→ Task data:

▼

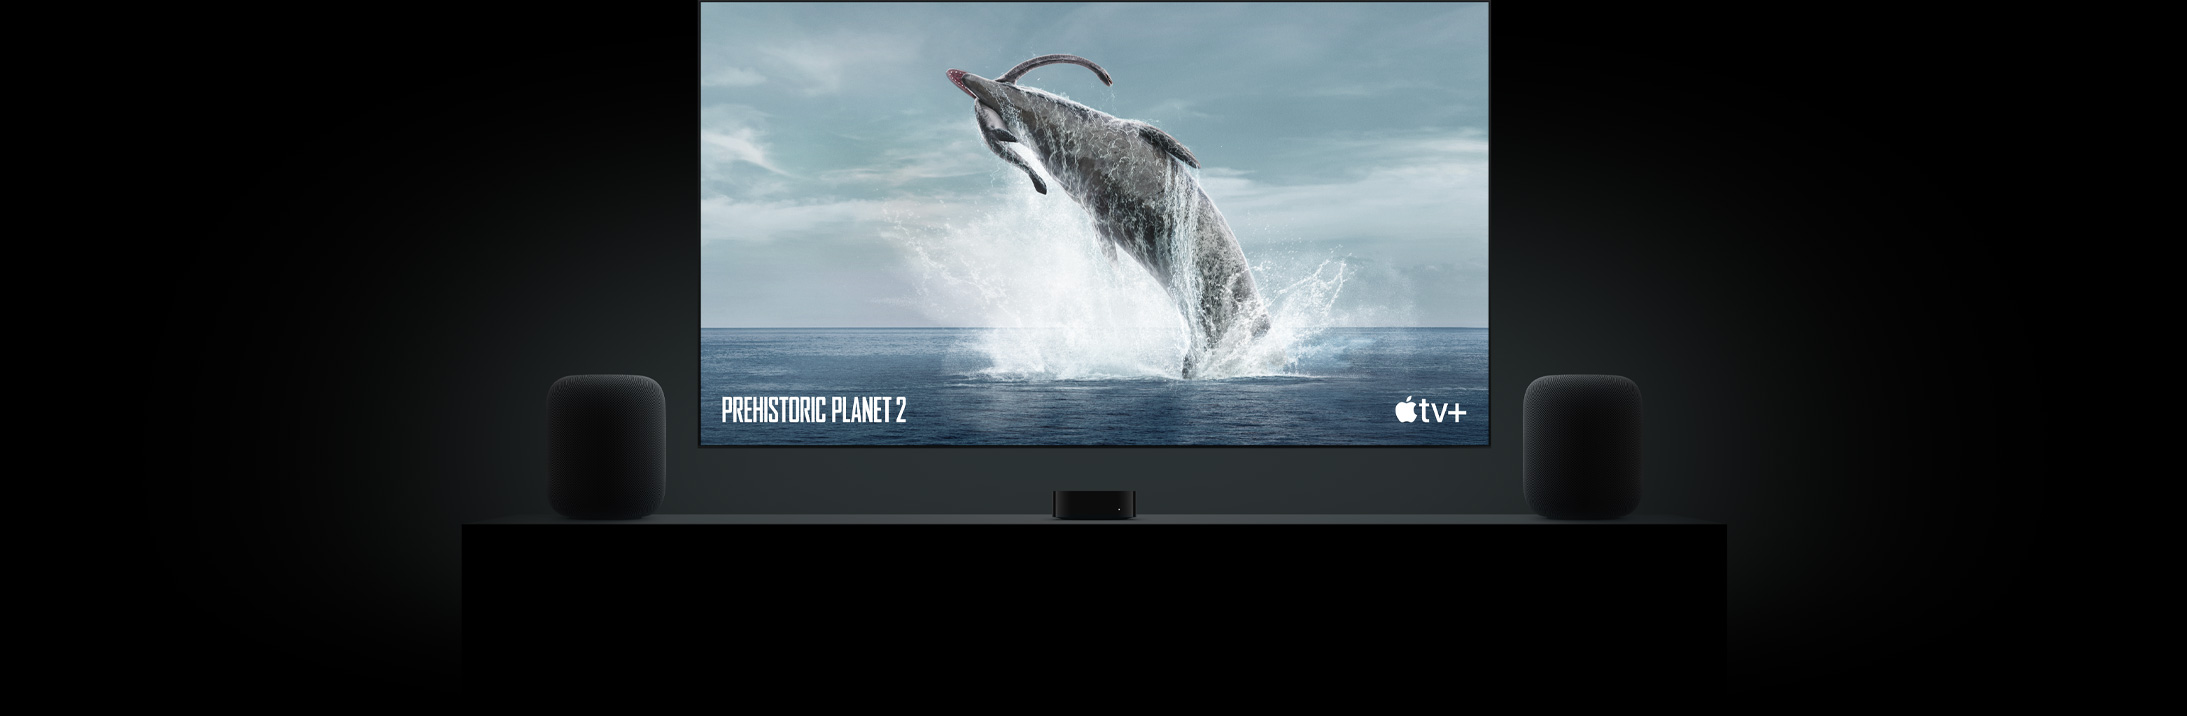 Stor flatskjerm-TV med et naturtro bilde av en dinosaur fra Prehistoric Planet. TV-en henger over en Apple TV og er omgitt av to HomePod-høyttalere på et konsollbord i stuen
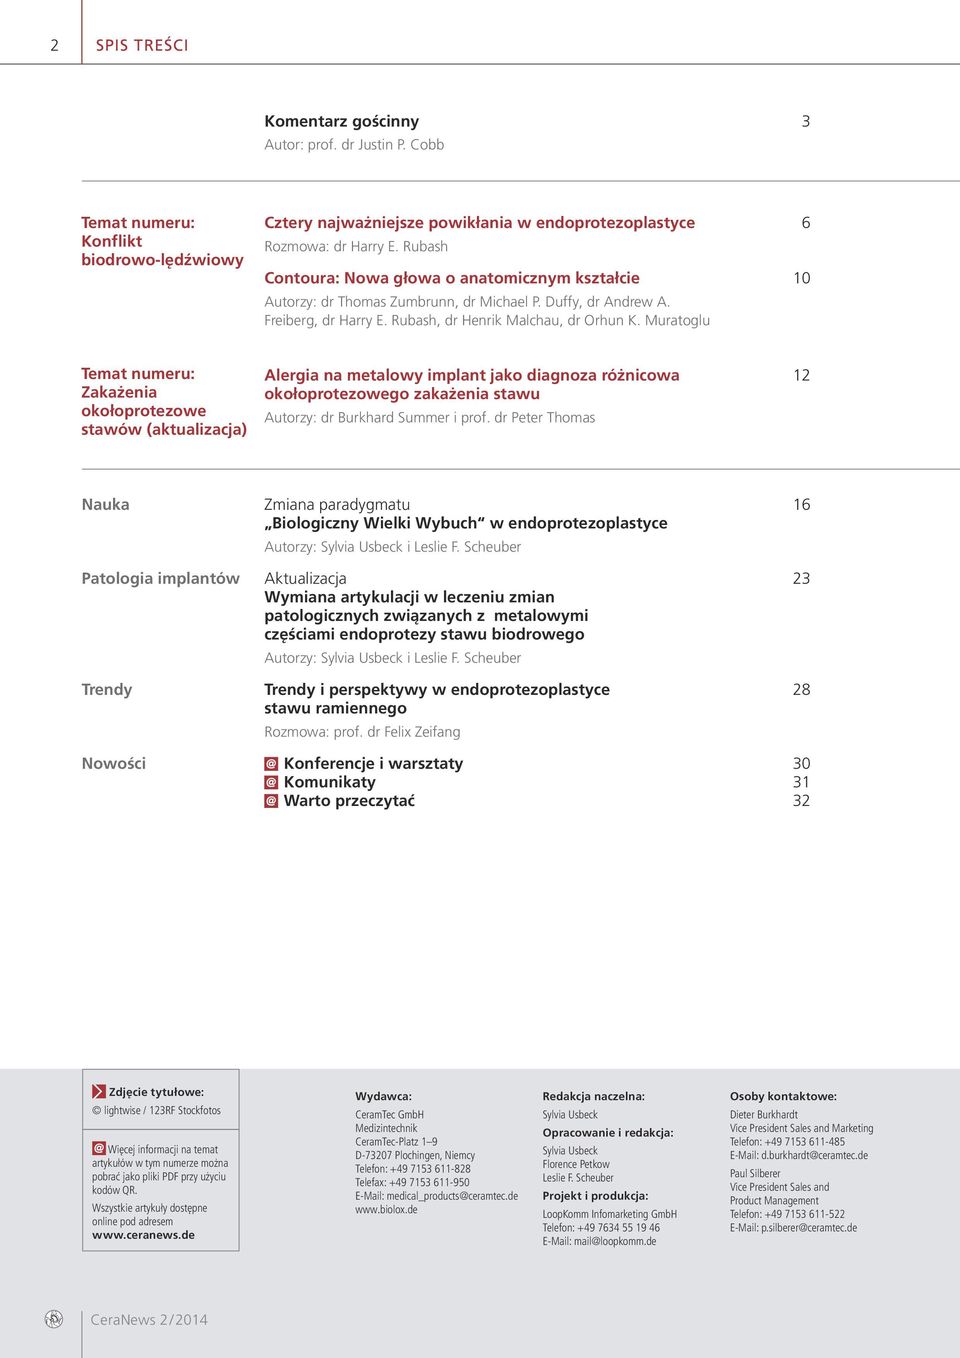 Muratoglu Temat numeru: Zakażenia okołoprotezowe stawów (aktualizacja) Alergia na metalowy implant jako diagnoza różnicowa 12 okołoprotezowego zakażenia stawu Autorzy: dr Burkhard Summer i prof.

▲
▼

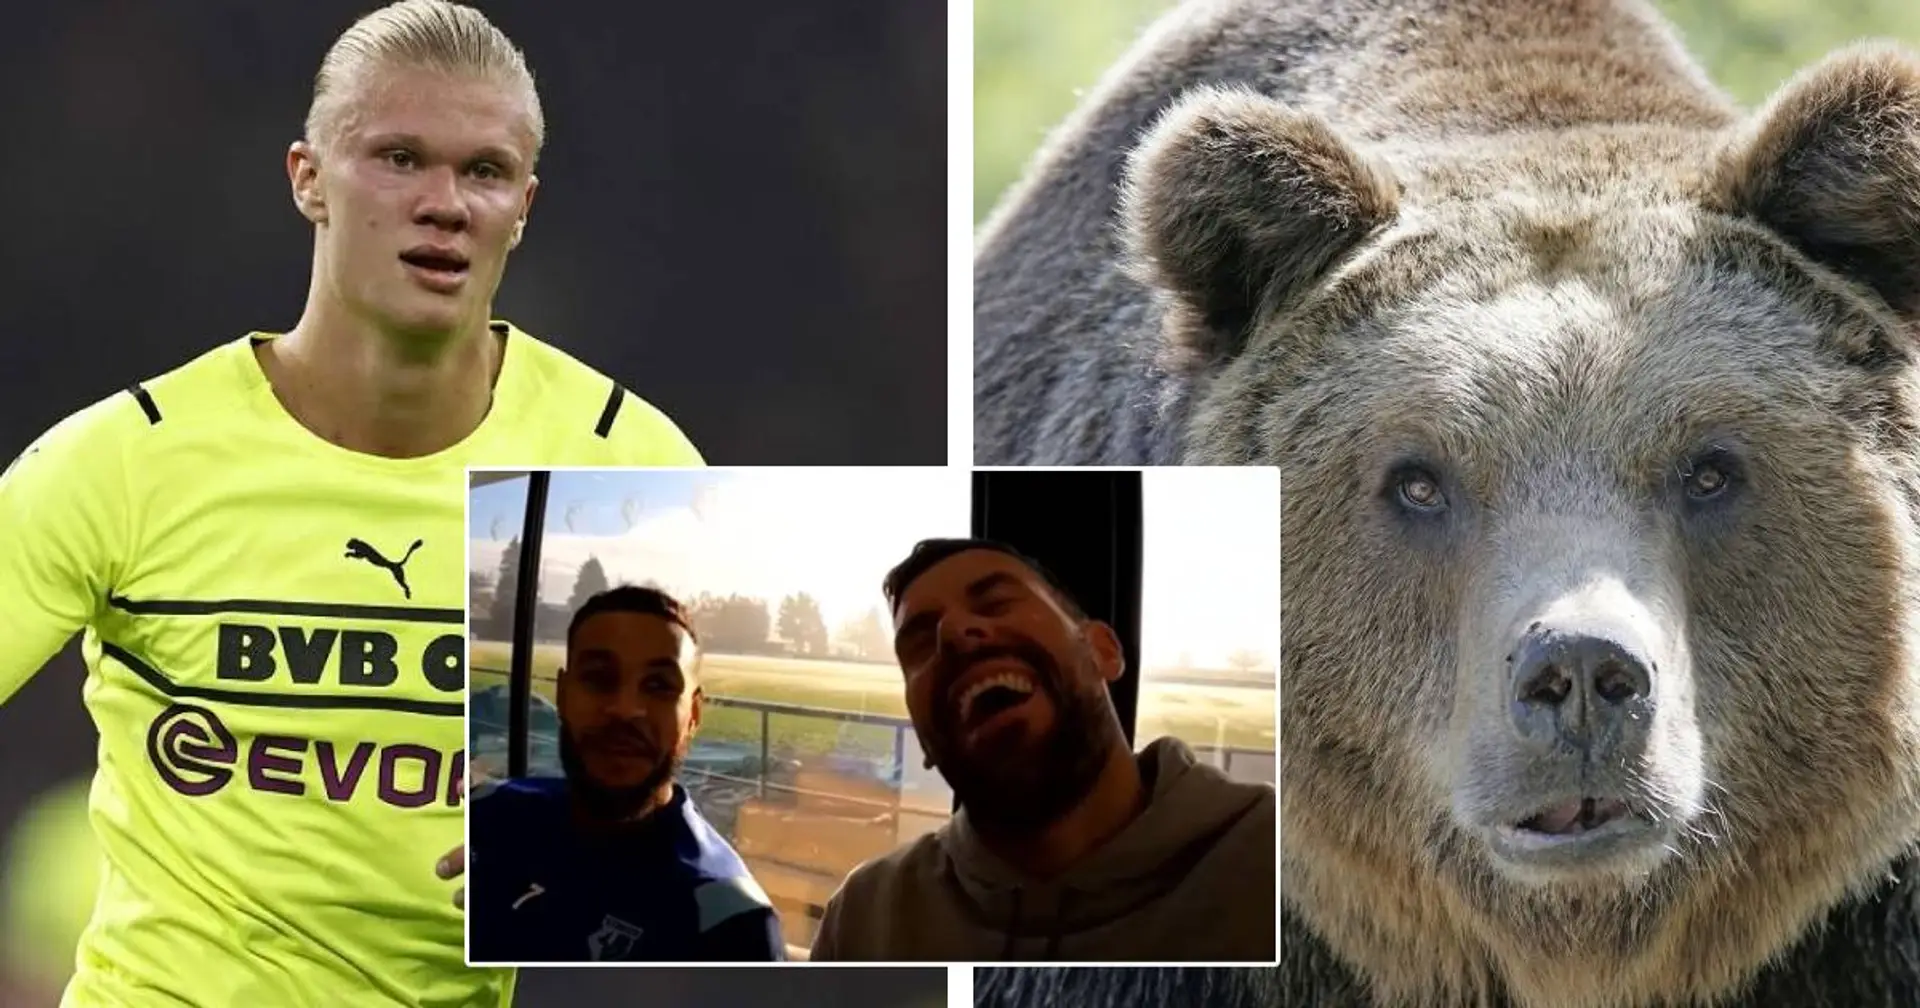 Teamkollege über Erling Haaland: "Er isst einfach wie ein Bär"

▲

→ What you have to do:
Copy the lines above exactly, starting with the line that contains "Stor flatskjerm-TV med" and ending with the line that contains "Muratoglu Temat numeru: Zakażenia", and leave out any pictures.

→ Answer for this exercise:
 Stor flatskjerm-TV med et naturtro bilde av en dinosaur fra Prehistoric Planet. TV-en henger over en Apple TV og er omgitt av to HomePod-høyttalere på et konsollbord i stuen
 Muratoglu Temat numeru: Zakażenia okołoprotezowe stawów (aktualizacja) Alergia na metalowy implant jako diagnoza różnicowa 12 okołoprotezowego zakażenia stawu Autorzy: dr Burkhard Summer i prof.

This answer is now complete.